For the moment, Mr. Xi’s strategy appears to be to throw the government’s support behind Mrs. Lam and the police while blaming the United States for sowing strife.
Inside a ballroom at the Wuzhou Guest House in southern China last week, Zhang Xiaoming, Beijing’s top official for Hong Kong, told an audience of 500 politicians and business executives from Hong Kong that the protests “have the clear characteristics of a color revolution.”
In a smaller meeting after the remarks, Michael Tien, a pro-establishment lawmaker from Hong Kong concerned by the escalating violence, said he confronted mainland officials. He urged them to consider giving in to some of the protesters’ demands, including the withdrawal of the extradition bill. “We must resolve these issues,” Mr.

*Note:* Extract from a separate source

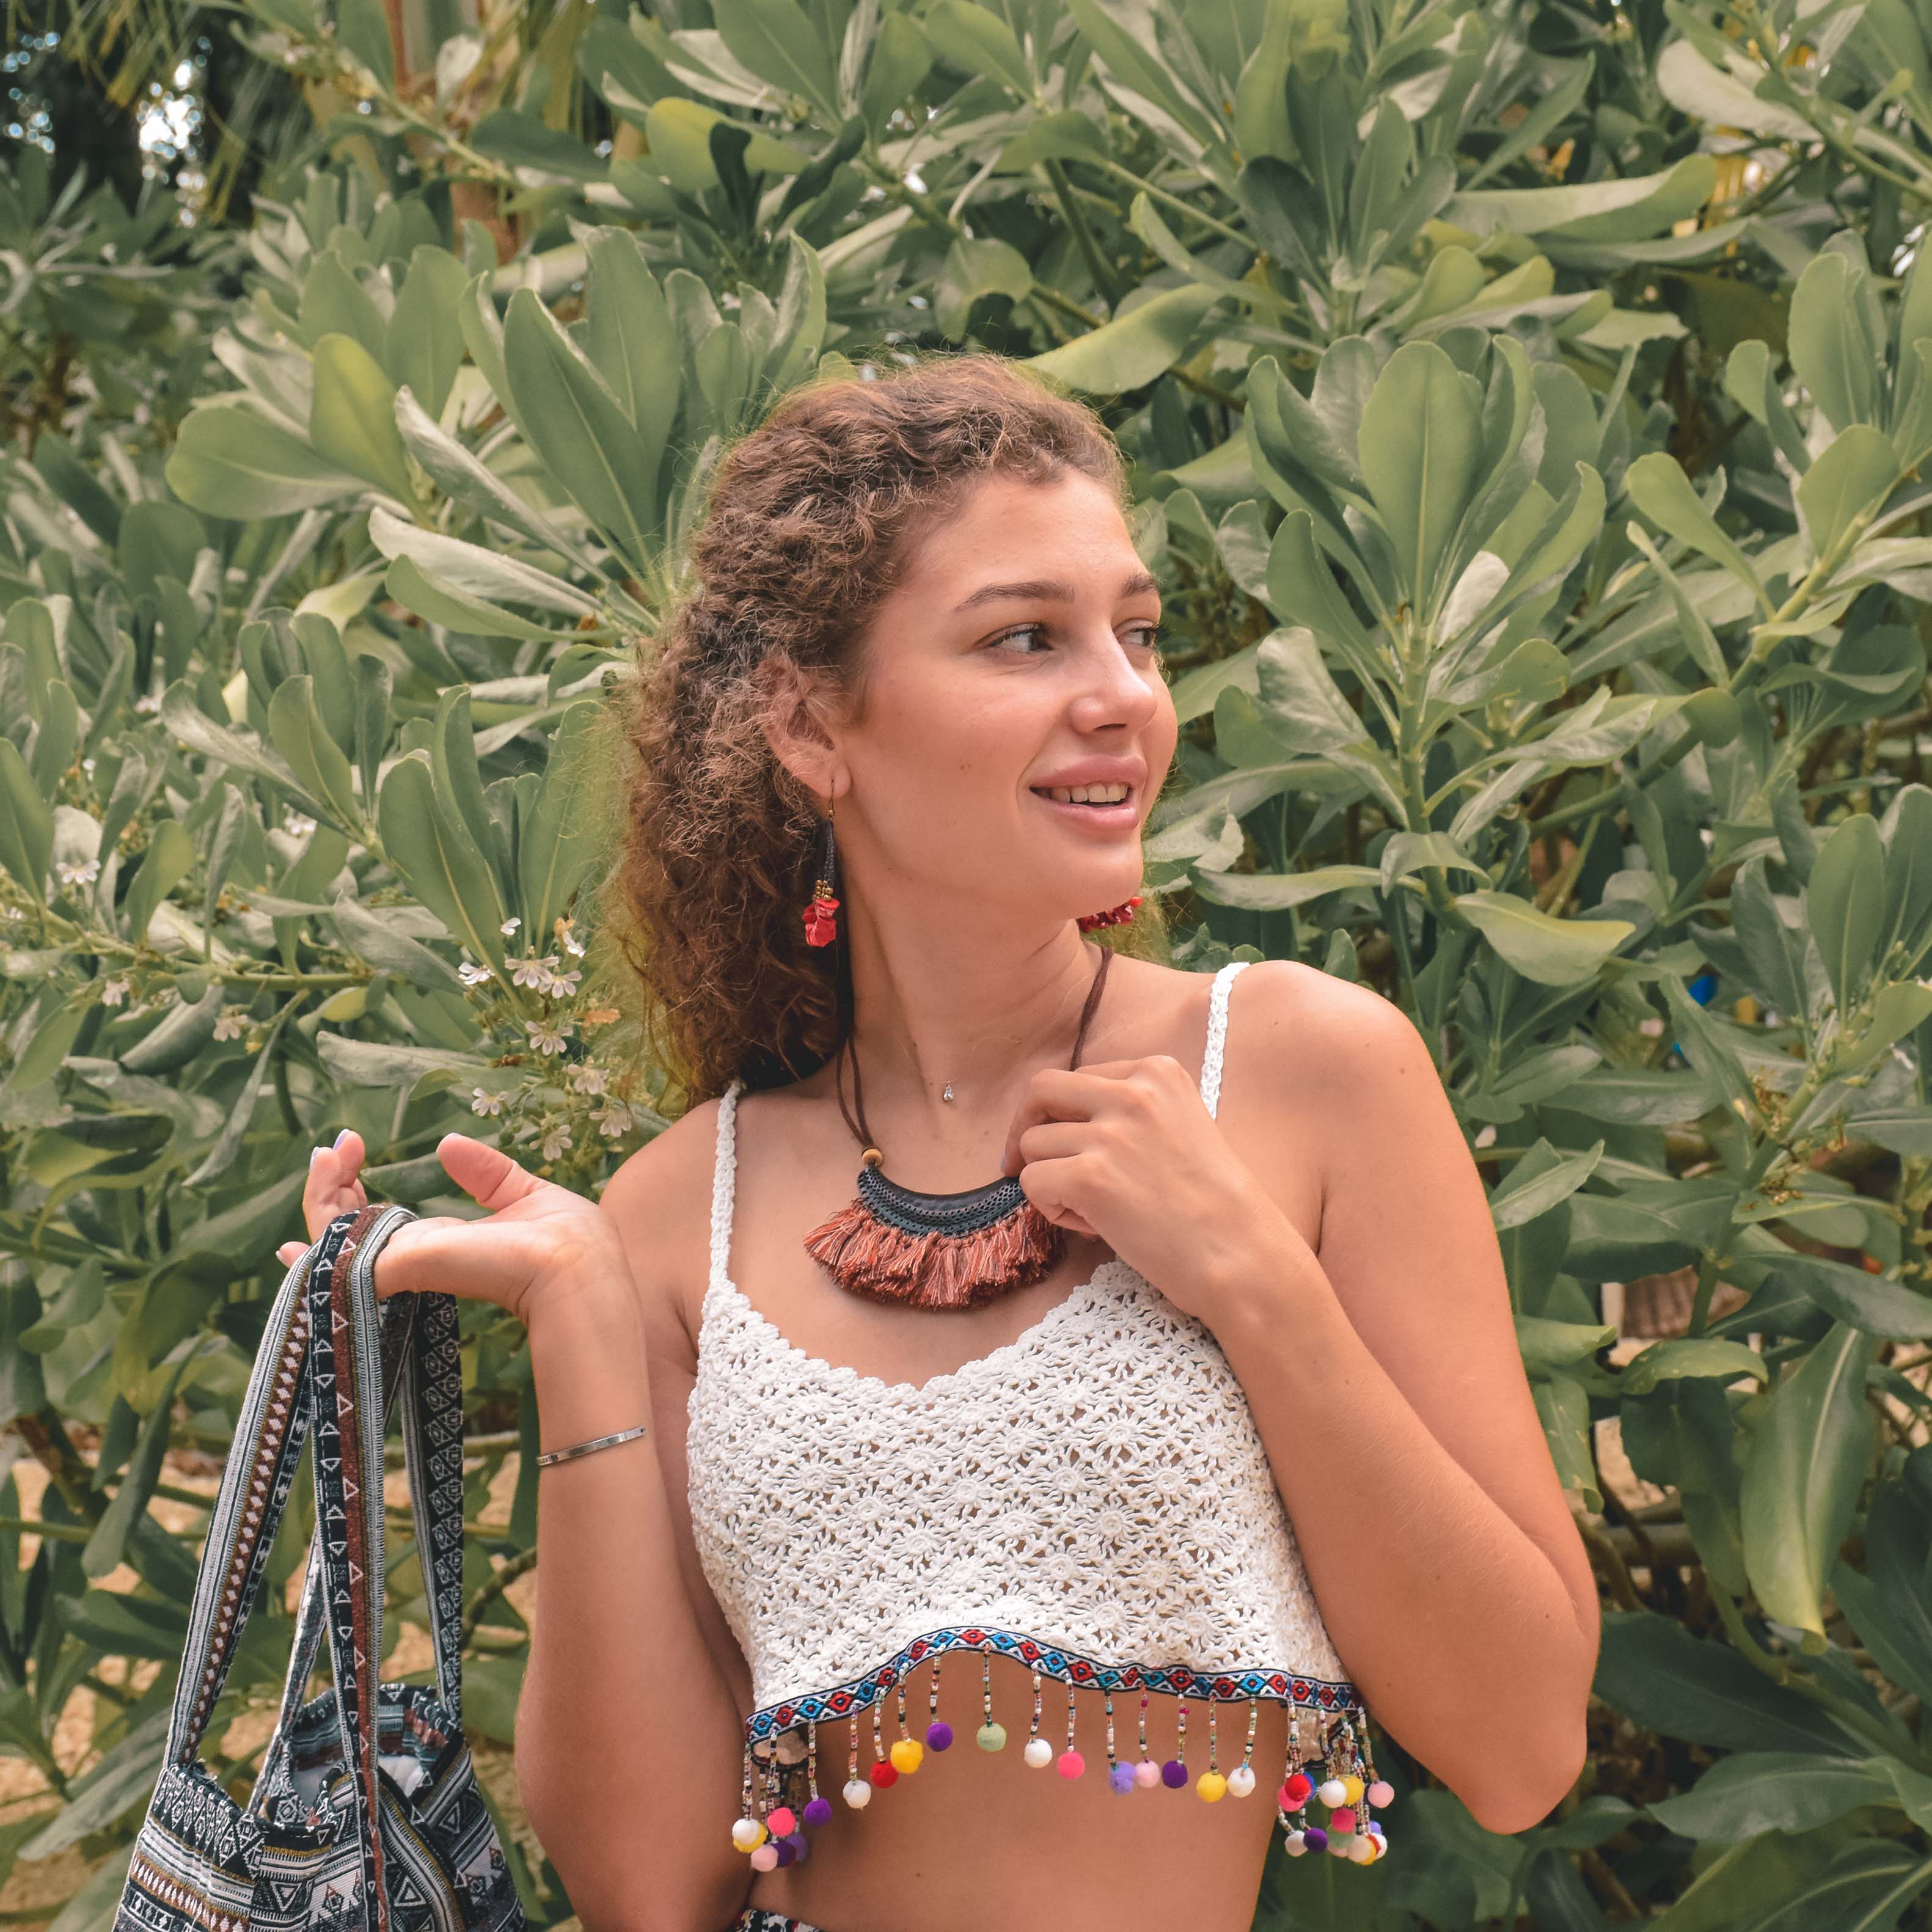 SAMUI NECKLACE Elepanta Necklaces - Buy Today Elephant Pants Jewelry And Bohemian Clothes Handmade In Thailand Help To Save The Elephants FairTrade And Vegan

Tien said he told Mr. Zhang at the meeting, which took place in Shenzhen. Mr. Tien said Mr. Zhang smiled and took a lot of notes but didn’t comment on his proposals.
Mr. Zhang also rejected the protesters’ demands for free elections, saying the Chinese government would not be willing to consider any electoral system that does not allow Beijing to screen a list of candidates, according to Mr. Tien.
Anything short of that, Mr. Zhang said, would be as good as giving up control of Hong Kong.
“I just want the central government to be more concerned about how these future generations will think, beyond the current unrest,” said Mr. Tien.
The debate focuses now on whether the “one country, two systems” arrangement can survive in Hong Kong, or whether Beijing will seek to make it “one country, one system.”
Ronny Tong, a pro-establishment member of the executive council, Mrs. Lam’s top advisory body, said he worries that Hong Kong risks losing its special status.
“How do you think Beijing will think now?” he added. “Do you think they will want to give democracy to people when people are insulting their rule?”